Two methods of patient positioning can be used, depending on surgeon comfort and the access required.
- Supine: The arm is draped for maximum maneuverability. During the procedure, the arm is supported on a large rolled towel placed on the patient’s upper thorax, carefully avoiding the endotracheal tube, stabilized by an assistant. In this position the surgeon stands on the side of the patient’s injured limb (FIG 3A).
- Lateral decubitus: The arm is positioned on an arm support, thereby minimizing the need for an assistant, but this setup is less maneuverable.
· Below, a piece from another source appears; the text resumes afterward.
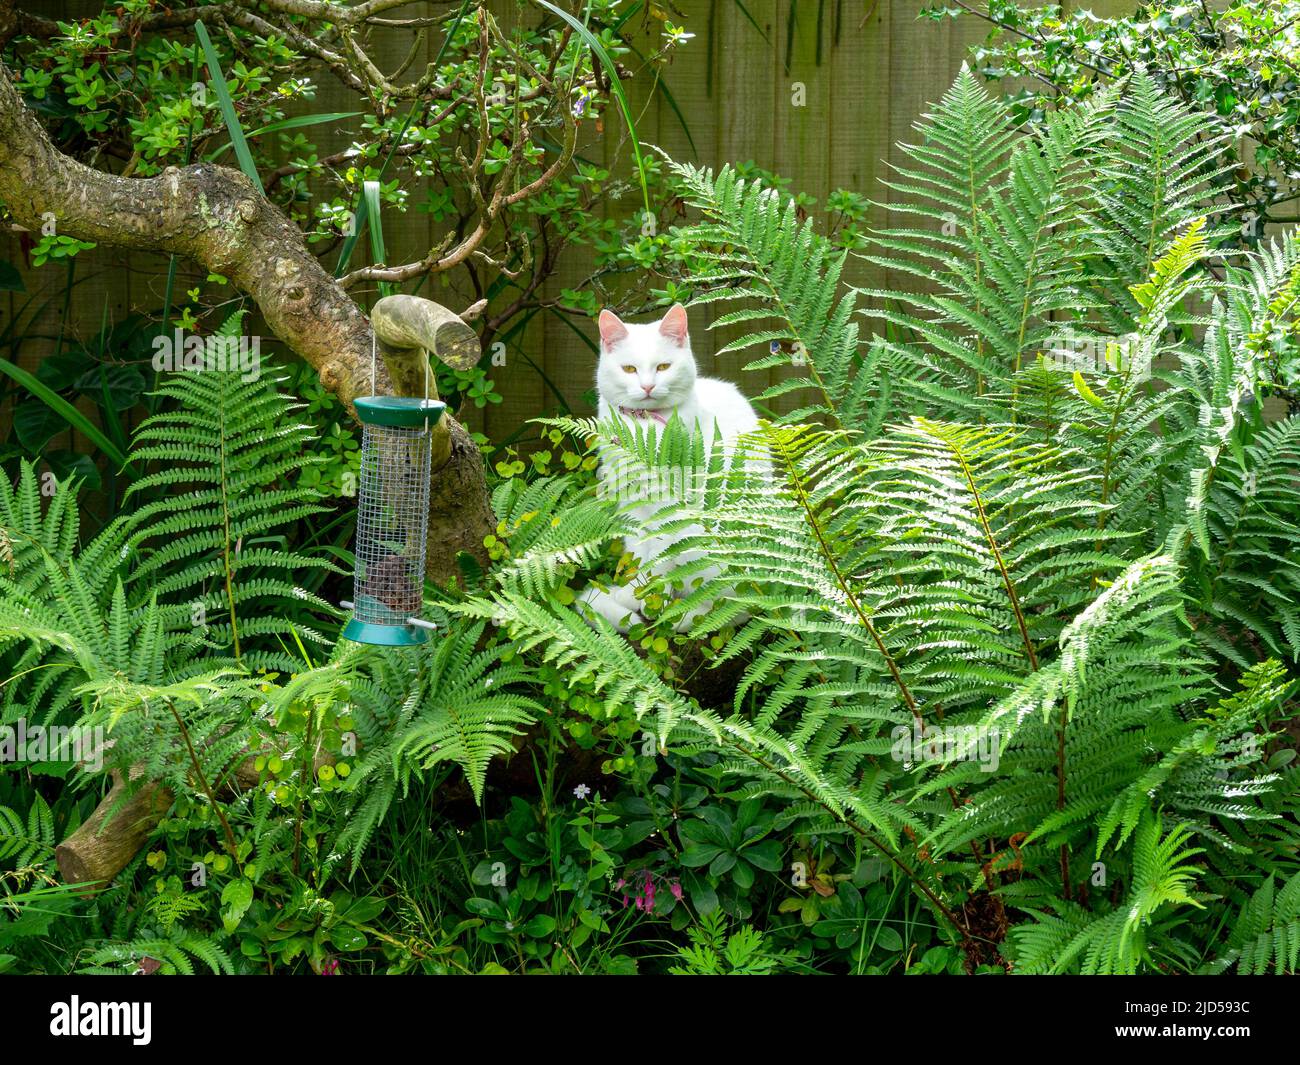 Weiße Katze unter Farnen, die einen Gartenvogelfutterhäuschen beobachten Stockfoto

In this position, the surgeon stands on the opposite side of the patient’s injured limb (FIG 3B).

FIG 3 • A. Patient positioned in a supine position. The elbow is isolated and placed on a roll of towel placed on the patient’s chest and stabilized by an assistant. The surgeon must take care to avoid the neck and anesthetic equipment. B. Patient positioned in a lateral decubitus position with the elbow draped over an arm support.

Surgical Approach

Two main surgical approaches are useful for acute total elbow arthroplasty:
- “Triceps on” (eg, Alonso-Llames, paratricipetal)
- “Triceps off” (eg, Bryan-Morrey)
The triceps should be carefully managed in either approach, and it often has a thin tendon, especially in older patients and those with rheumatoid arthritis. The triceps tendon should be dissected from the olecranon with a small curved scalpel blade, maintained perpendicular to the interface between the tendon and bone.